May 15, 2005 (Revision 1.1, May 18, 2005)
SPECIAL REPORT: Galvanic Skin Response - A Window Into Breathing and Autonomic Nervous System Function
By: Stephen Elliott
COHERENCE(tm) asserts the theory that there is an approximate 12 second fundamental autonomic nervous system rhythm at which the adult cardiopulmonary system, inclusive of nervous system aspects, aspires to operate while in the state of rest or semi-activity - that this rhythm results in cardiopulmonary resonance and is an outcome of fine autonomic nervous system balance. It is further stated in The Science section of this website that this rhythm, consisting of a sympathetic phase and a parasympathetic phase, pervades the entire body resulting in the cyclic activation and deactivation of body systems including cardiac rate, arterial pressure, lung bronchi, low threshold muscle motor units, etc. This rhythm is depicted in FIGURE 1 below.
FIGURE 1: 12 Second "Fundamental Quiescent Rhythm"
Galvanometric Skin Response (GSR) measures changes in skin conductivity as a function of autonomic nervous system changes, specifically the sympathetic branch. This "conductivity" or the reverse thereof, "resistivity", is measured in "ohms". Generally speaking, increased sympathetic emphasis results in increased conductivity, i.e. lower resistance, and decreased emphasis results in decreased conductivity, ergo higher resistance. It stands to reason that if the above assertions are correct, then GSR could be employed to assess sympathetic nervous system changes as a function of breathing frequency and to detect the presence of The Fundamental Quiescent Rhythm in action.

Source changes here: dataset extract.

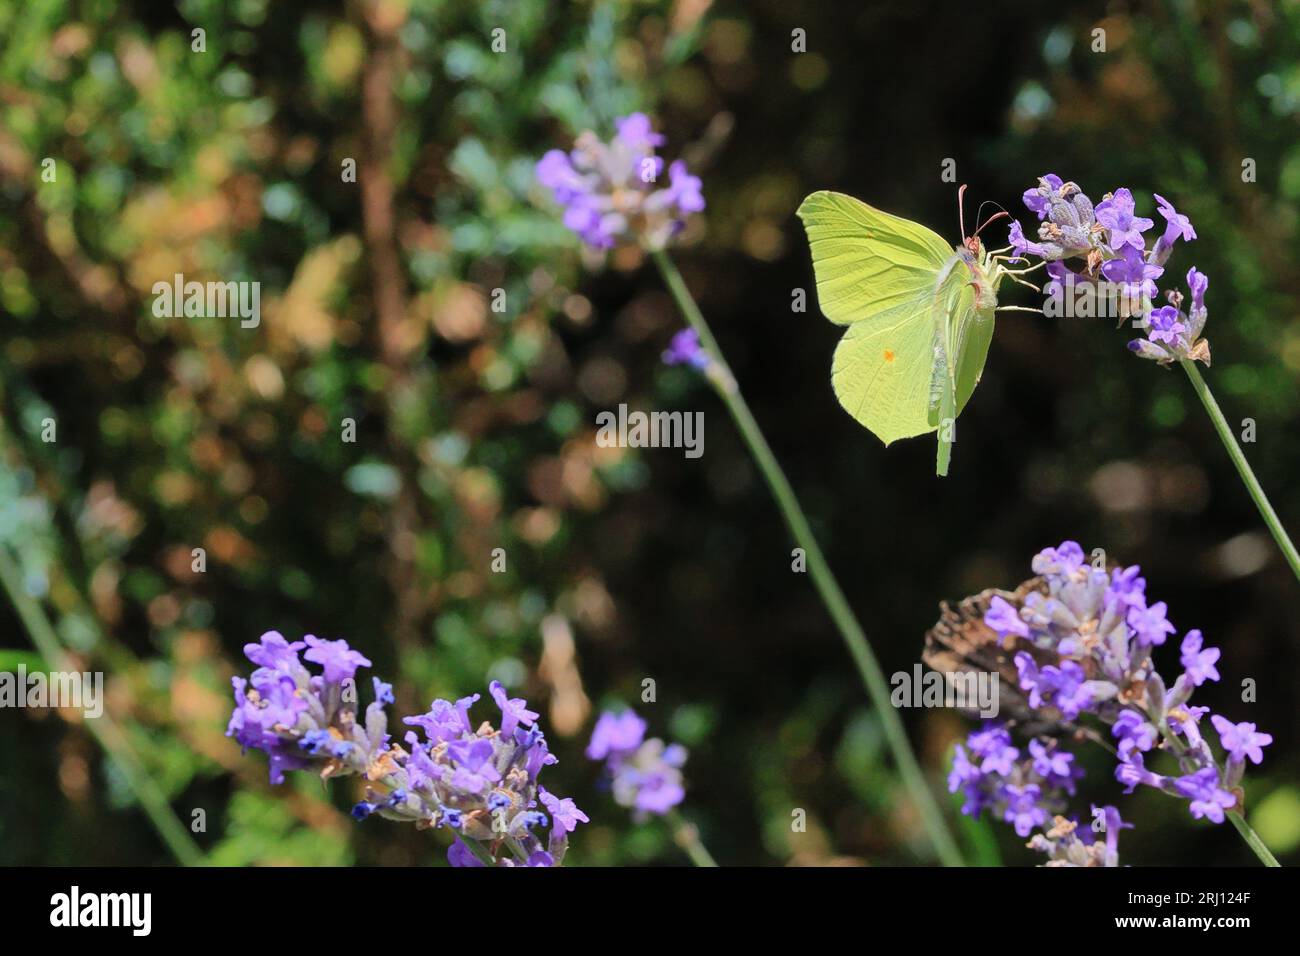 close up of a brimstone butterfly amidst blooming lavender Stock Photo

Assessment of dynamic GSR requires the use of a proper ohm meter along with adequate transducers for coupling the meter to the body. Due to a high degree of innervation in the hands, GSR is best measured by wrapping the hands around large cylindrical metallic electrodes. While the relationship between breathing and skin response can be "detected" with a top-end analog GSR meter, a high performance digital meter is required to measure, characterize, and record the dynamic relationship between GSR and breathing. In this case, an Agilent 34401A Multimeter is employed. All measurements are performed at the rate of 5 per second plotting 300 points per minute. Therefore the graphs are quite precise relative to dynamic GSR activity. Also, relative to measurements depicted in FIGUREs 2-4, a "solo" electrode is employed. This allows GSR measurements to be taken via one hand vs. both hands.
FIGURE 2 depicts a measured instance of the relationship between breathing frequency and galvanic skin response. It depicts three consecutive 3 minute breathing periods. During the first period, the subject is breathing at the rate of 5 cycles per minute. At the end of 3 minutes, the subject abruptly shifts to the rate of 15 cycles per minute. At the end of 6 minutes, the subject again abruptly shifts to 5 cycles per minute.
FIGURE 2: GSR vs. Breathing Frequency
Here it can be seen that during the first 3 minutes, while breathing at the rate of 5 breaths per minute, GSR averages 60K (60,000) ohms. The moment the breathing frequency switches to 15 breaths per minute, there is a sharp drop in skin resistance of ~14K ohms. At the end of 6 minutes, when the breathing frequency of 5 cycles per minute resumes, resistance once again drops for a period of about 30 seconds and then begins to increase somewhat gradually. At the end of 9 minutes, the GSR value is >52K ohms and climbing.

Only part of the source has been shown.